The Republic of Ireland return to the scene of one of the biggest controversies in their footballing history when they face France in Paris on Monday evening.
For Ireland fans, the memories of the Thierry Henry handball which was not spotted by the officials at the Stade de France in November 2009, in the process robbing the nation of the chance to make it to the World Cup finals in South Africa the following summer, remain as fresh as they were almost nine years ago.
Here, Press Association Sport takes a look at some of the talking points surrounding the latest clash between the two countries.
Pain in Paris
Republic of Ireland keeper Shay Given (left) appeals for handball after France´s Thierry Henry (centre) set up Williams Gallas´ winning goal at the Stade de France (Martin Rickett/PA)
There is only one place to start. On November 18, 2009, Giovanni Trapattoni’s men arrived at the Stade de France for the second leg of their World Cup play-off trailing 1-0 and turned in a fine display which saw Robbie Keane’s equaliser take the tie into extra time. It was then, however, with penalties looming, that Swedish referee Martin Hansson and his assistants failed to spot Henry handling the ball before he crossed for William Gallas to score what proved to be the decisive goal. Sunday’s game will be the first time the sides have met at the venue since that night.
Spot of bother
France and Ireland did face each other in Lyon in the last 16 of the Euro 2016 finals, and Martin O’Neill’s men gave the hosts an almighty fright. Robbie Brady’s second-minute penalty silenced a partisan crowd and it took a quick-fire second-half double from Antoine Griezmann, coupled with Shane Duffy’s red card, to restore a measure of calm. However, only five of the men who started that afternoon – Duffy, Seamus Coleman, Jeff Hendrick, James McClean and Shane Long – are included in a largely experimental squad this time around.
In safe hands?
Deprived of senior keepers Darren Randolph, Rob Elliot and Keiren Westwood through injury, O’Neill has had to dig deep into his resources to find replacements. Bradford’s Colin Doyle, who won his second cap in Turkey in March 10 years and 304 days after his first, is likely to get the nod over uncapped duo Conor O’Malley, used as a substitute in last weekend’s testimonial trip to Celtic, and Shane Supple.
Decisions for Deschamps
France midfielder Paul Pogba has endured a mixed season with Manchester United (John Walton/EMPICS)
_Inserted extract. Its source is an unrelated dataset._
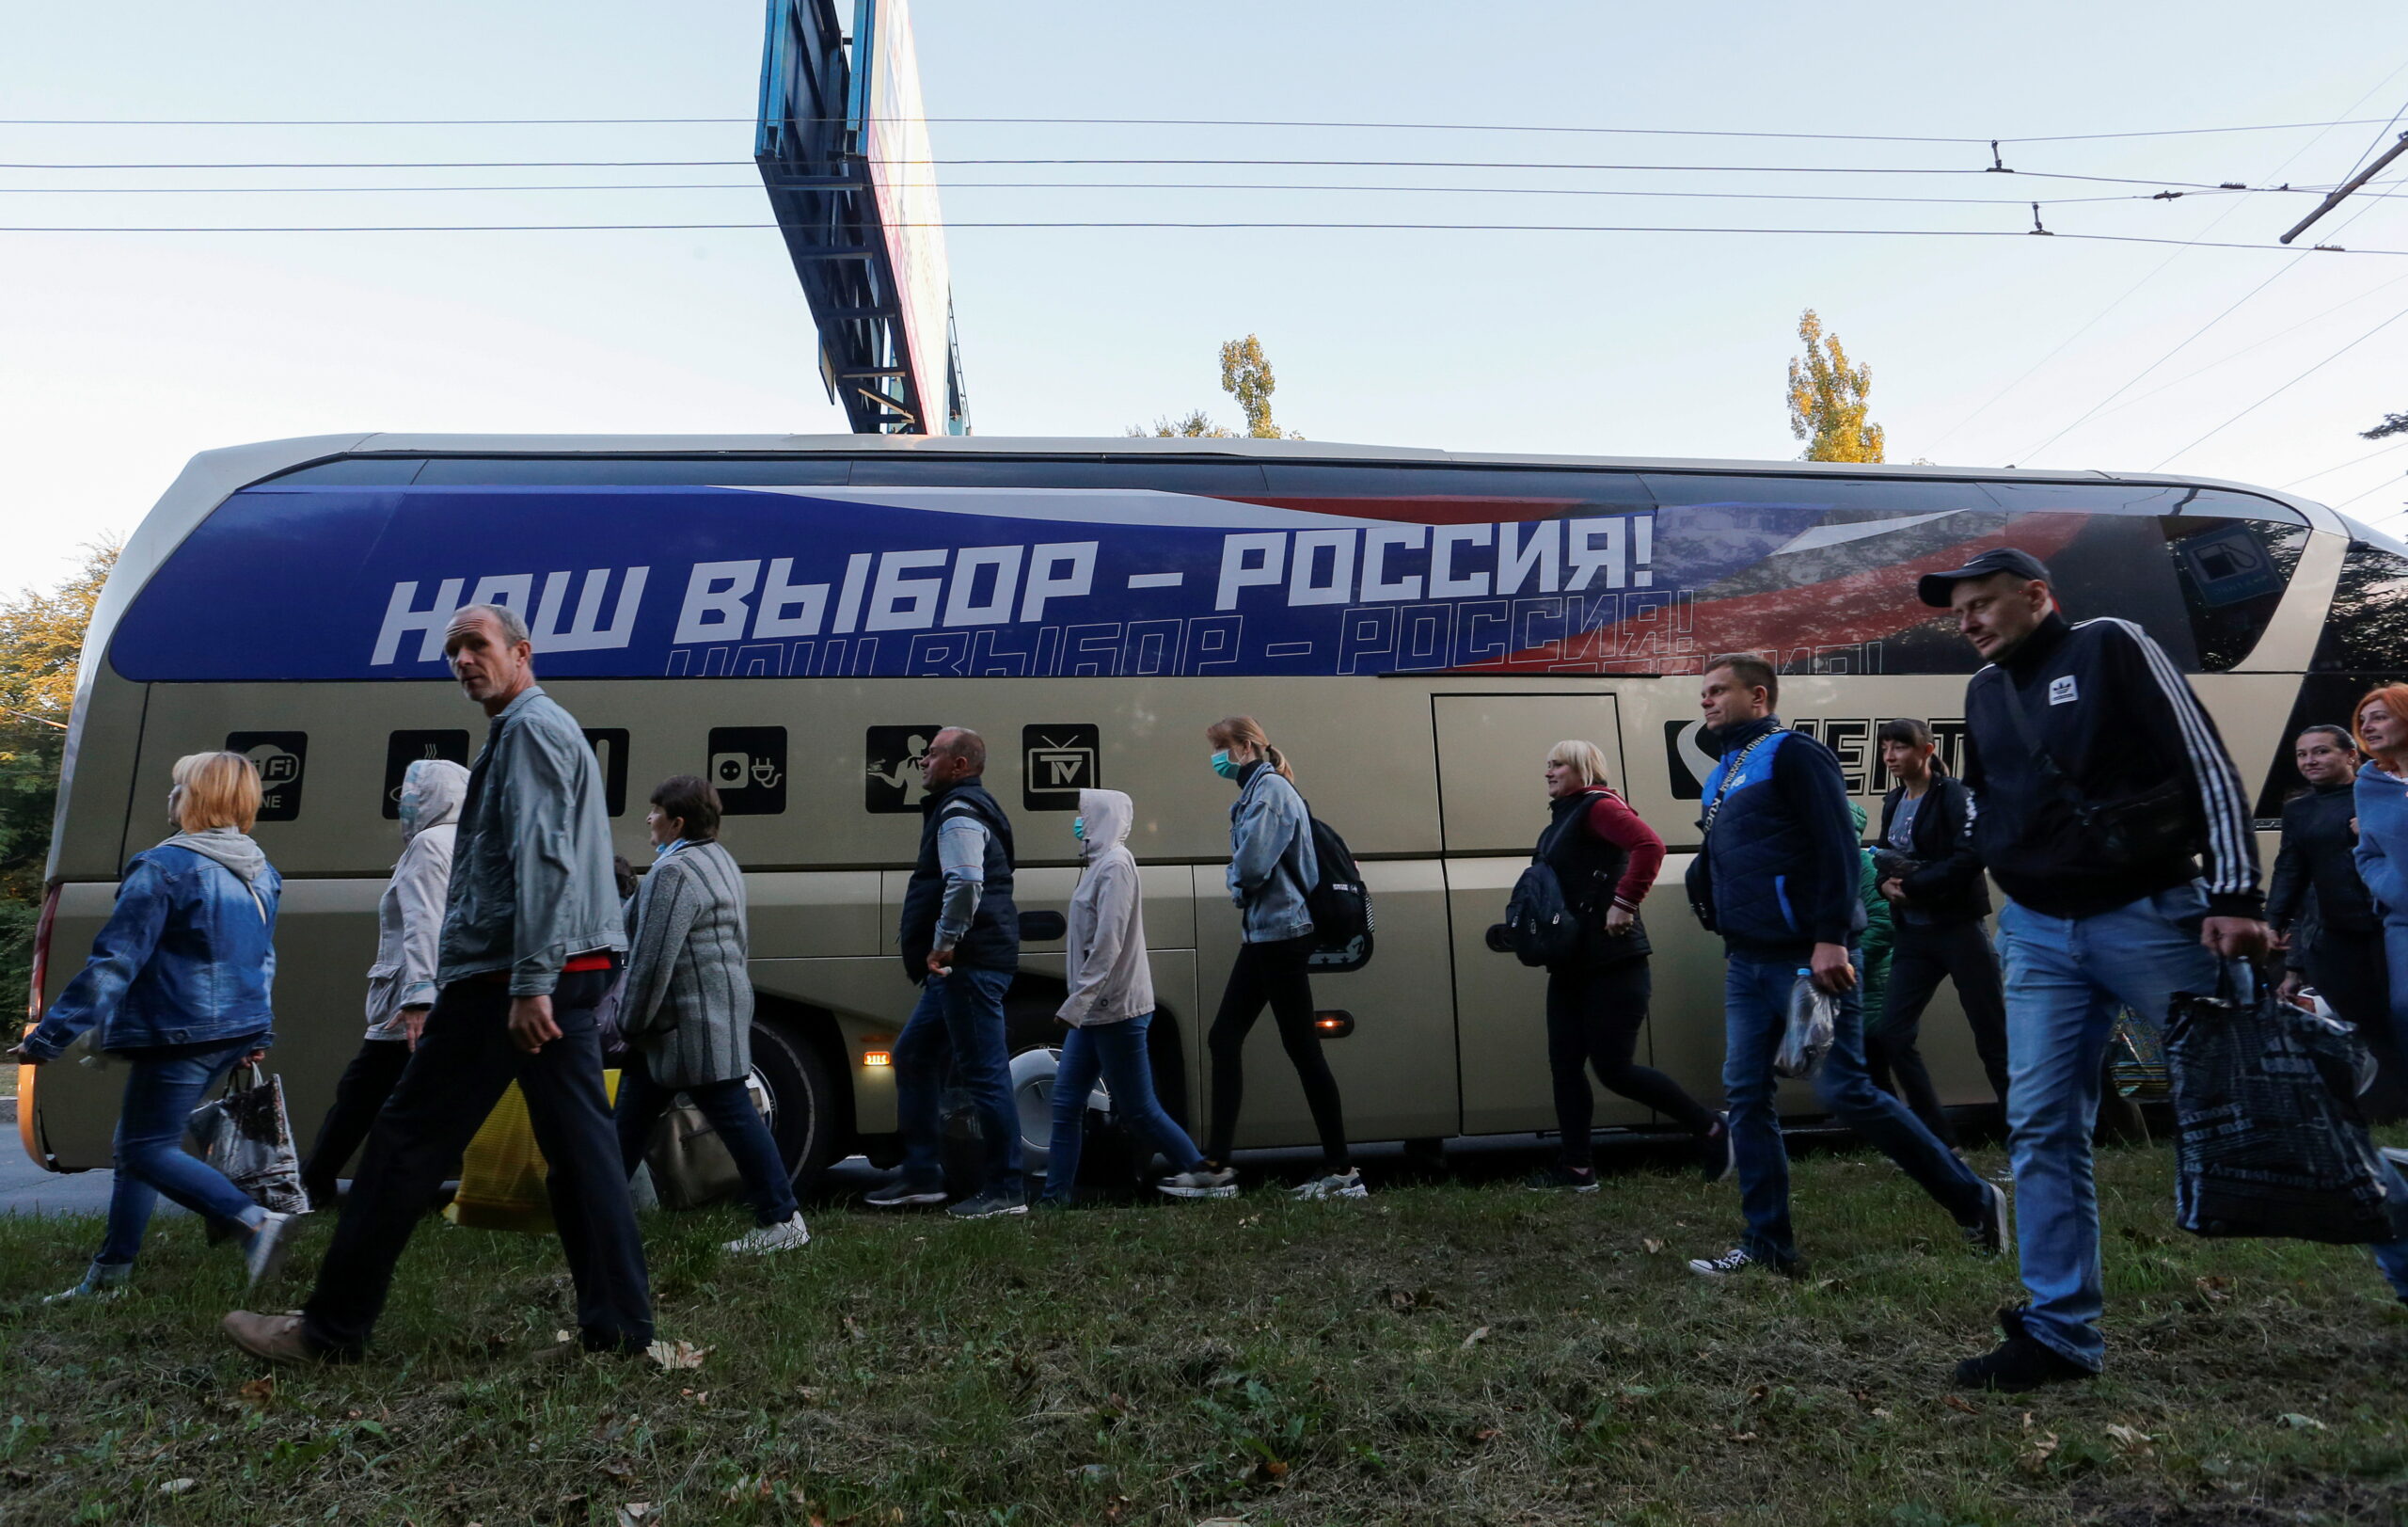 Избиратели из Донецка отправляются в Ростовскую область на голосование. Фото ALEXANDER ERMOCHENKO / TASS / Scanpix / Leta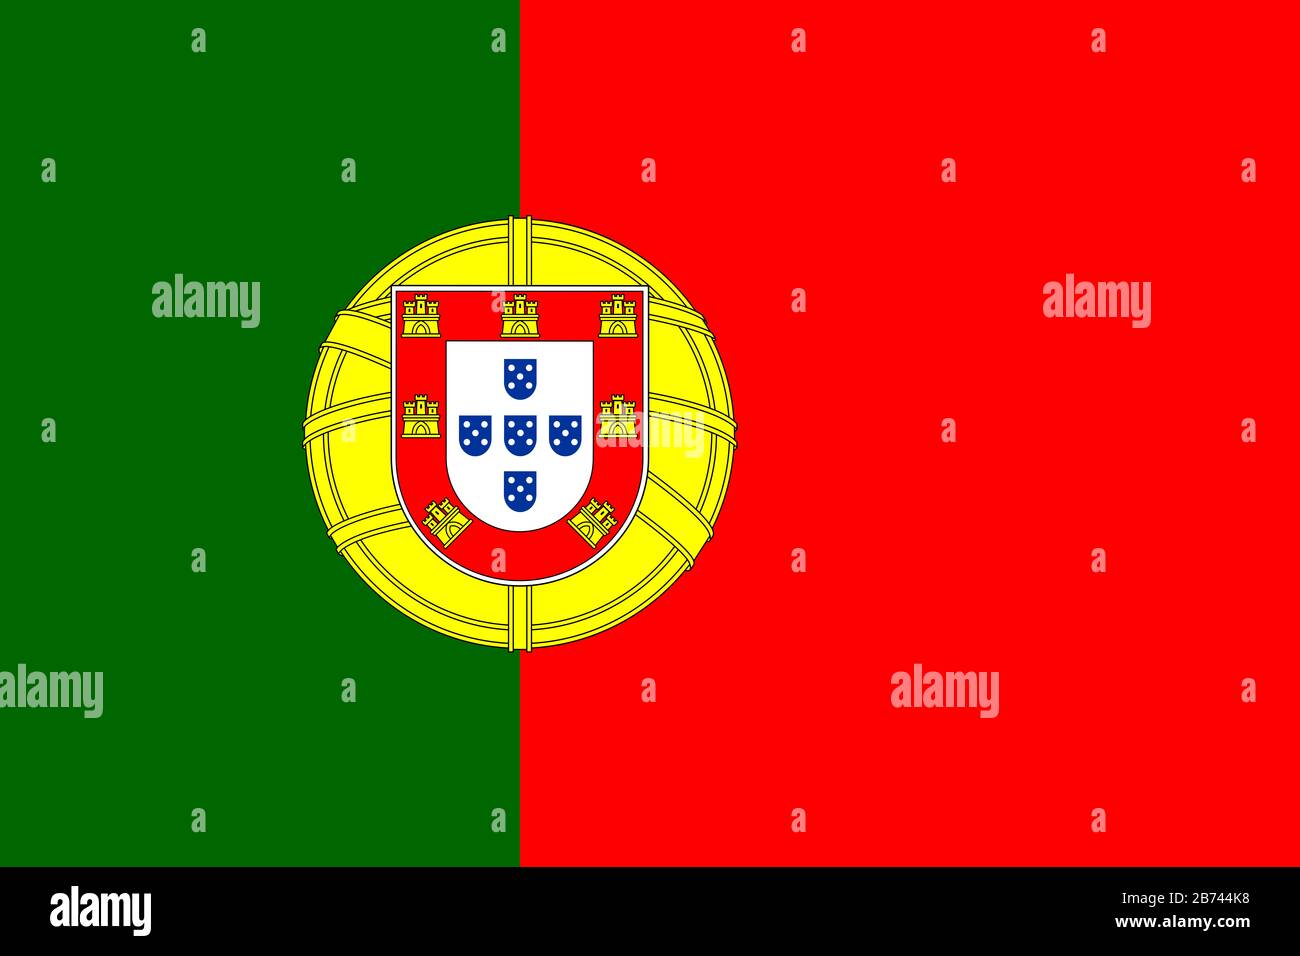 Bandiera del Portogallo - rapporto standard bandiera portoghese - modalità colore RGB reale Foto Stock

France boss Didier Deschamps will use friendly clashes with the Republic, Italy and the USA to finalise his plans for Russia, where his side launches their campaign against Australia in Kazan on June 16. With Dimitri Payet missing from the squad through injury, he has a sizeable hole to plug, while Marseille team-mate Florian Thauvin will hope to press his claims after an impressive season at club level. However, perhaps his biggest challenge is to find a way to get the best out of the enigmatic Paul Pogba.